**TASK PROMPT**
Print all of the data below exactly as it appears, leaving out every image.

**GIVEN INFORMATION**
───

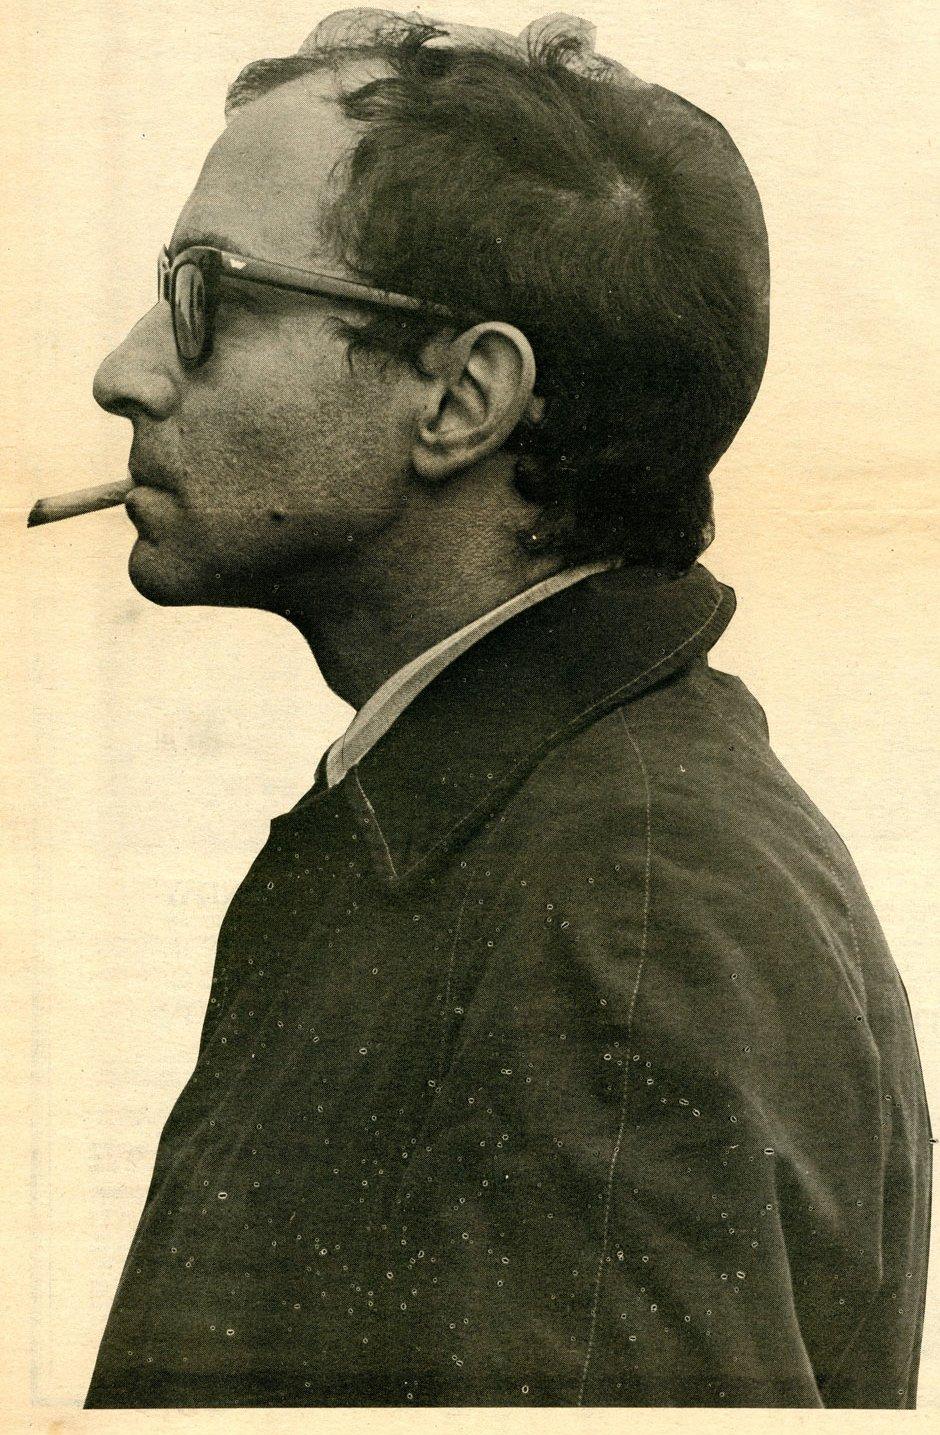 [Jean-Luc Godard] 1
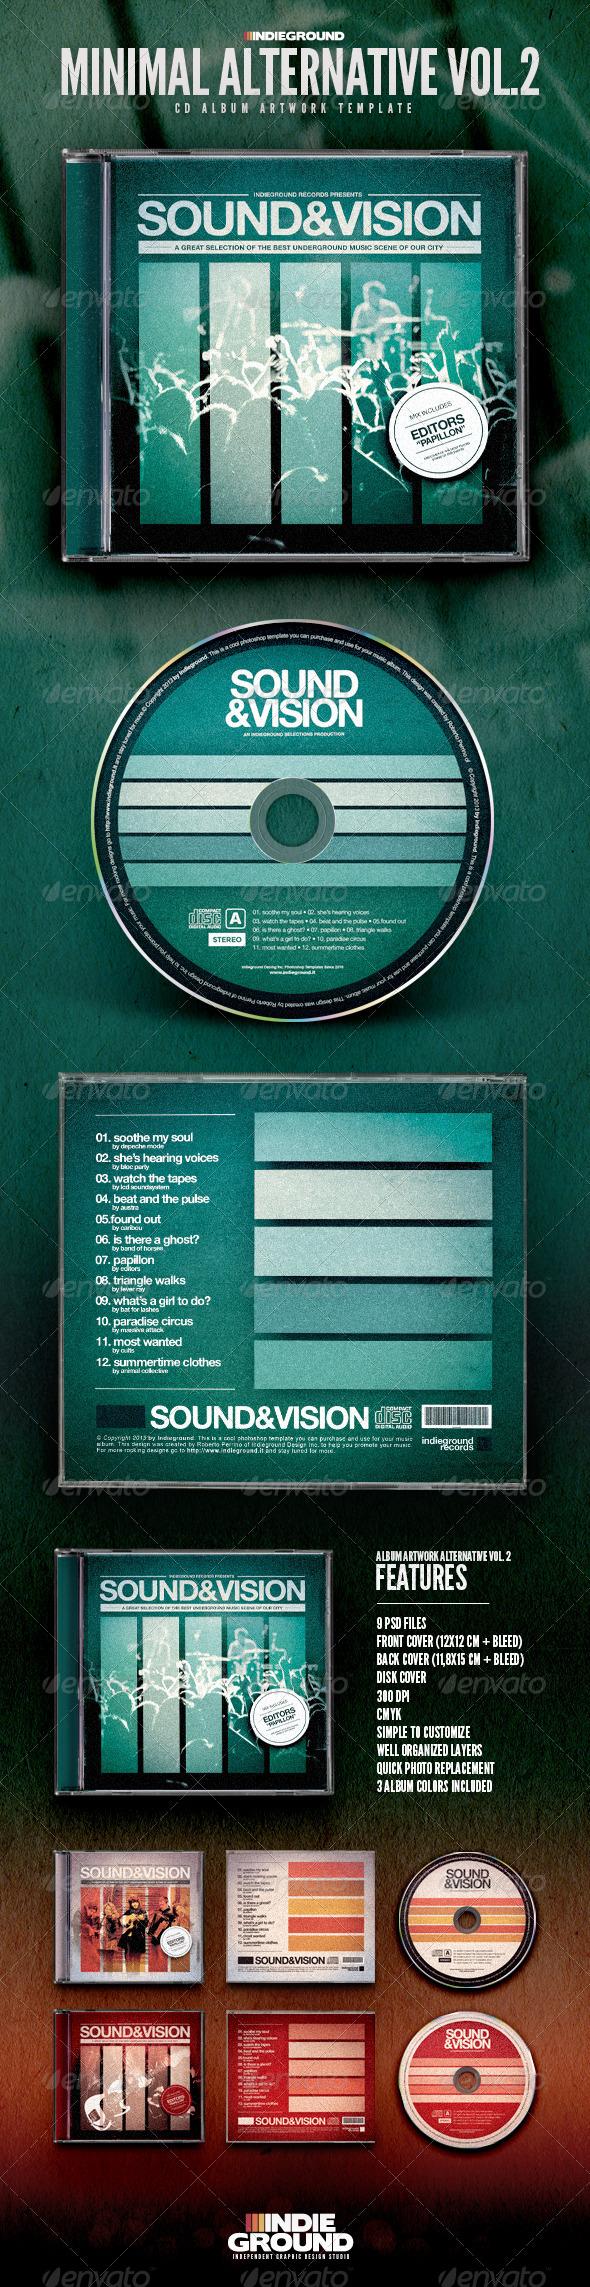 Cd disk artwork clipart transparent Pinterest • The world's catalog of ideas clipart transparent
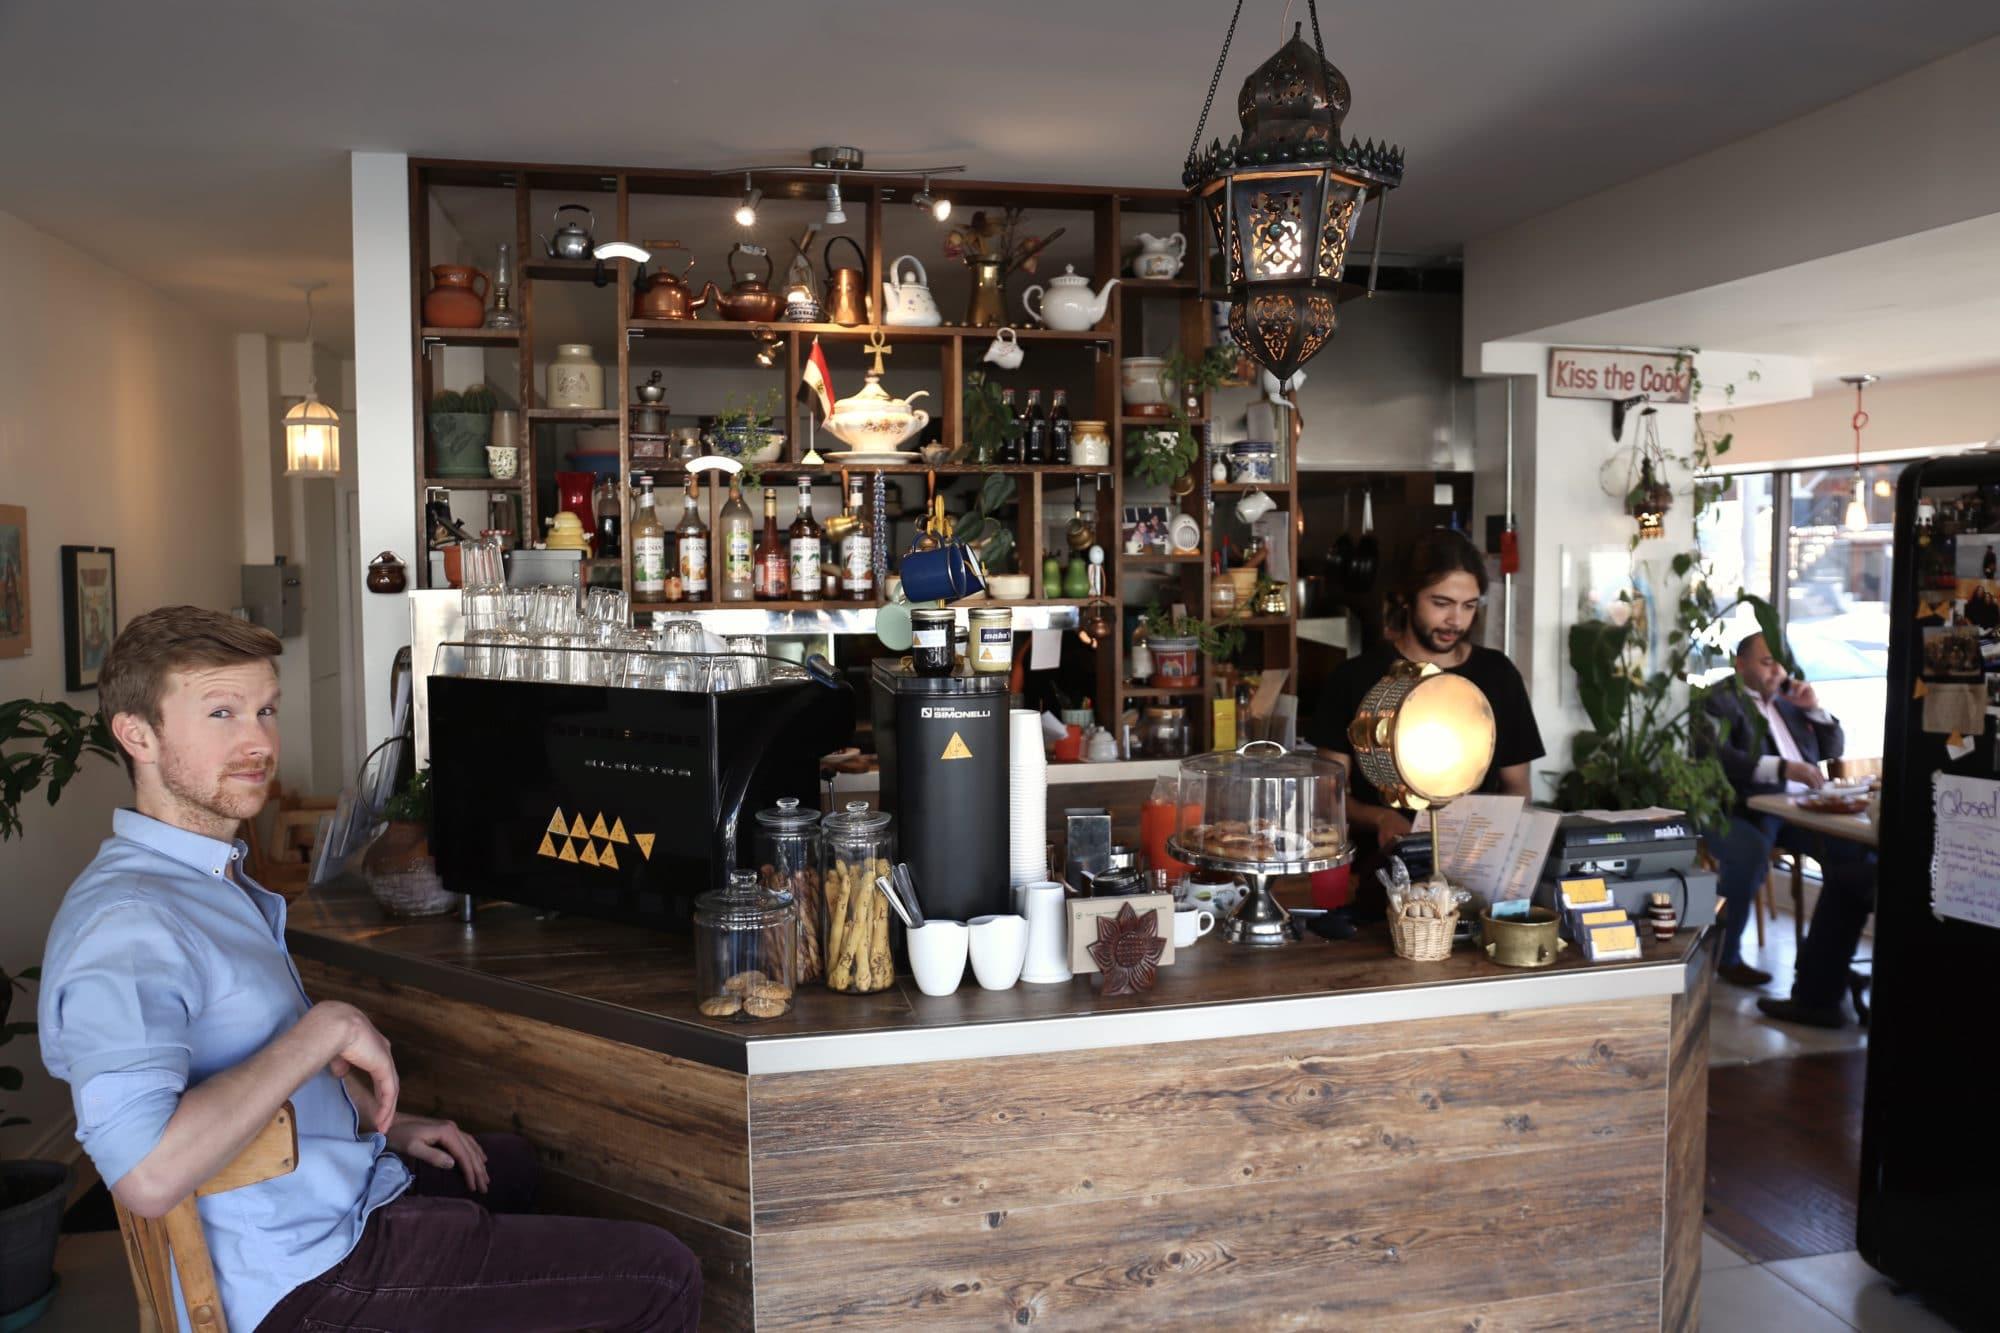 Step inside Maha's Toronto, a popular brunch restaurant in Little India.

───

**WRITTEN SOLUTION**
 [Jean-Luc Godard] 1
 Cd disk artwork clipart transparent Pinterest • The world's catalog of ideas clipart transparent
 Step inside Maha's Toronto, a popular brunch restaurant in Little India.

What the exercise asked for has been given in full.